Without their mom right there, surprisingly, the two boys seemed to settle down. They leaned over the sides trying to spot fish—or skip rocks or splash each other—I wasn’t totally sure.
I shifted slightly to glance at them, uneasy. “Should they be leaning out that far?”
Noah followed my gaze. “They should be fine,” he murmured, but his eyes stayed on them.
The raft dipped slightly as J.J. shifted his weight.
“Dude, I saw something! An alligator!”
“They don’t have alligators here. You’re making that up!”
I turned to Noah. “Do they?”
“Nope.”
But the boys’ voices kept getting louder as they bickered back and forth.
And then, before anyone could stop it, Kill gave his brother a hard shove.
One second, JJ was on the raft—mouth open, mid-laugh. The next, he was in the water, flailing and shrieking in childish outrage, but once he resurfaced and realized he could float, he started laughing again, kicking off away from the boat, apparently deciding to go for a swim.
“You have got to be kidding me,” Cody murmured, sitting upright, but then he yelled, “Get that kid back in here! There’s a strainer ahead!”
My pulse spiked. Even I knew what that meant. I had actually listened to the safety talk, after all. Strainers were piles of debris, trees and branches and the like, that had gotten caught on something in the river. There were enough gaps to let water pass through, but not larger objects—like people, for example.
A person could become pinned. Dragged under.
I lurched to my knees, eyes searching the water downstream. And sure enough…
JJ was thrashing playfully, splashing around in the water, clearly enjoying himself—completely oblivious.
“He’s laughing,” I said, panic prickling up my spine. “He thinks it’s a game.”
Cody lunged for a throw bag, but Noah was faster.
“Grab on!” Noah shouted, unspooling the rope and tossing the end toward the boy.
JJ didn’t see it. He was twirling around in the water, just looking up at the sky.
“Damn it,” Noah muttered. And then…
He jumped.
Of course, he would be the one to go in.
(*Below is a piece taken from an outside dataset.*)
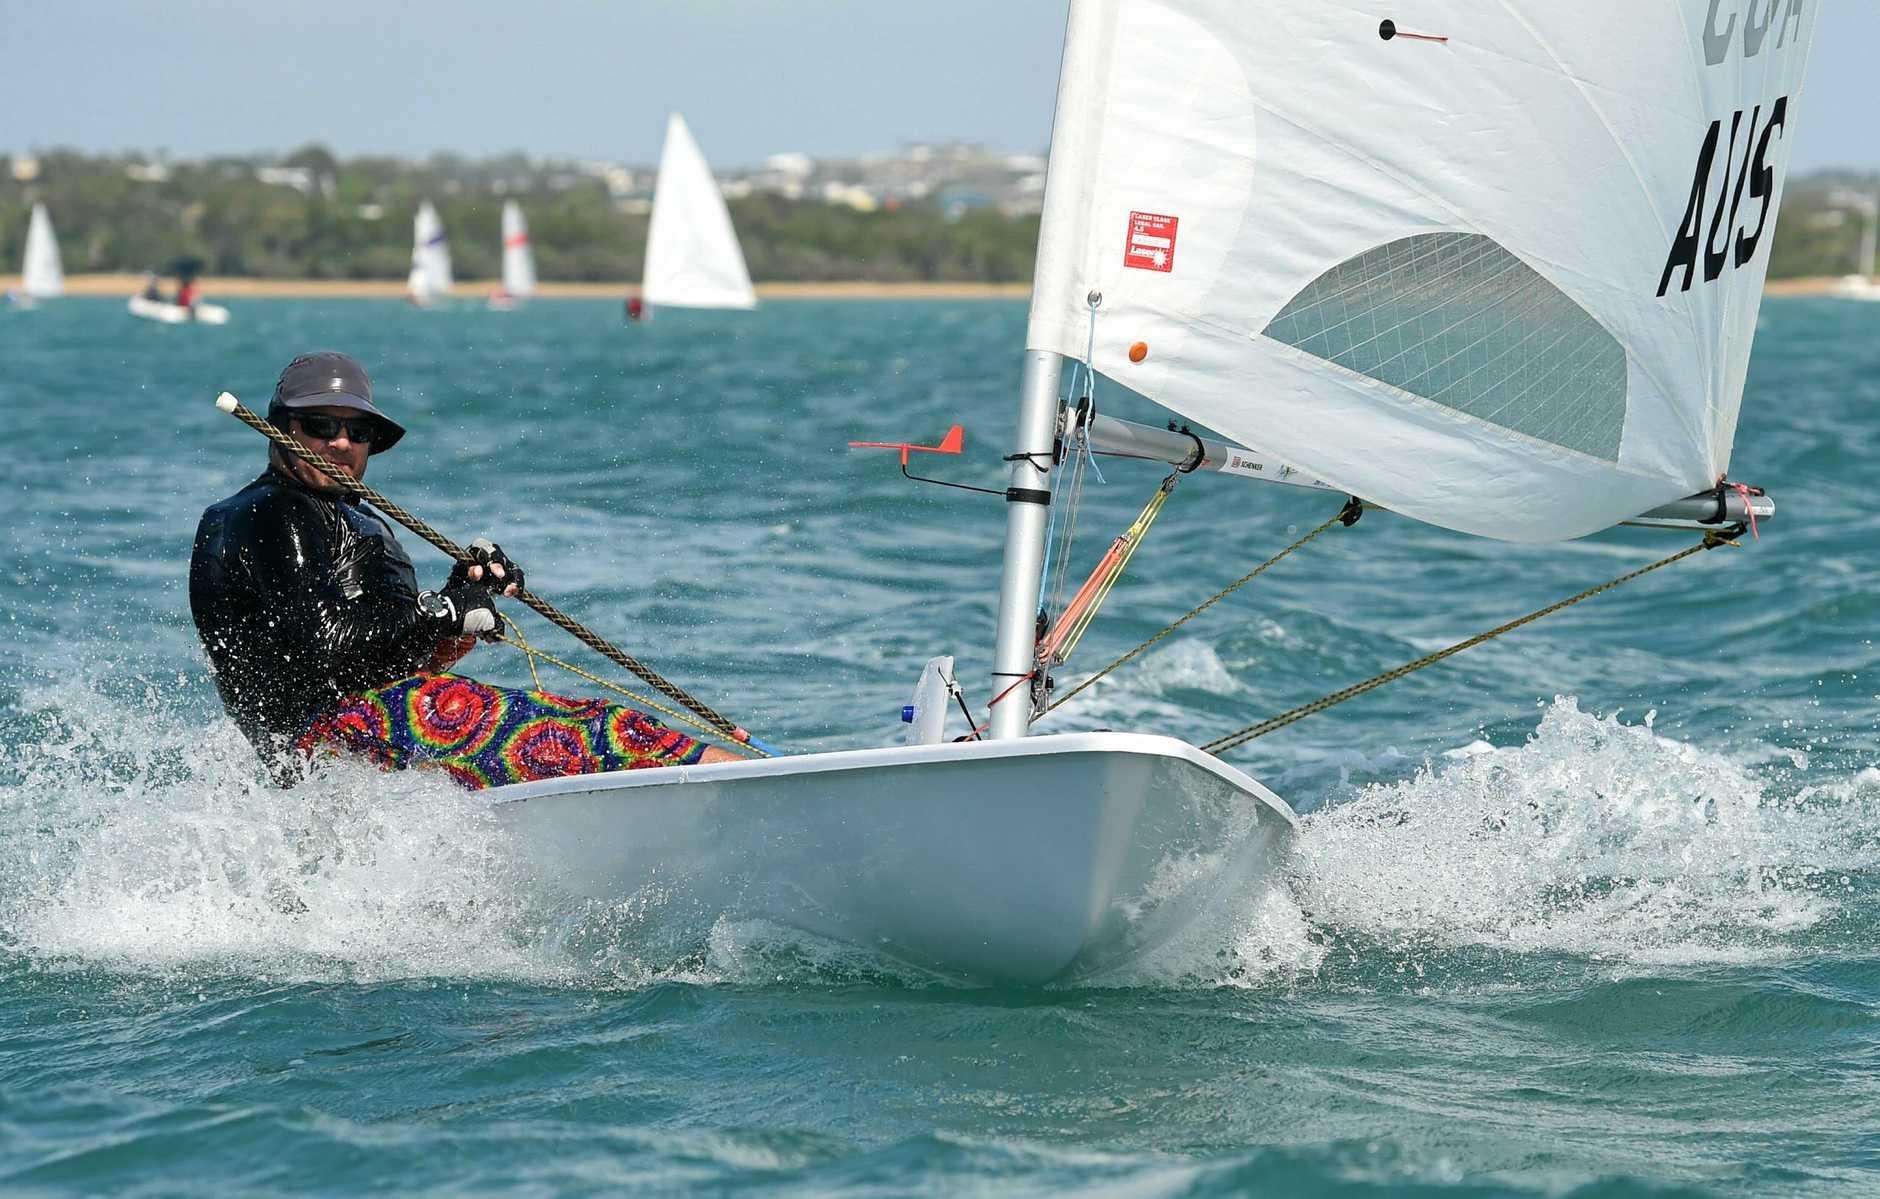 Maryborough Sailing Club 88th Easter Regatta - Chris Barnes on his Laser

He was Noah.
I scrambled toward the edge, heart in my throat, watching him slice through the current, straight for JJ, arms powering him forward.
Cody moved to regain control of the oars, because up ahead, the strainer loomed—gnarled branches jutting from the water like a skeletal hand.
JJ was still laughing when Noah reached him, clearly unaware of the danger. But whatever Noah said, JJ listened and started kicking toward the raft like it was all part of the plan.
From there, everything happened really fast. Cody was out of his seat and, with what looked like surprising ease, pulled JJ back up into the boat.
But Noah was still in the water, one arm hooked over the side of the rubber pontoon.
“Hold on, dude!” Cody had taken hold of the oars again.
I reached down and grabbed the shoulders of Noah’s life jacket, kneeling, braced to pull him in.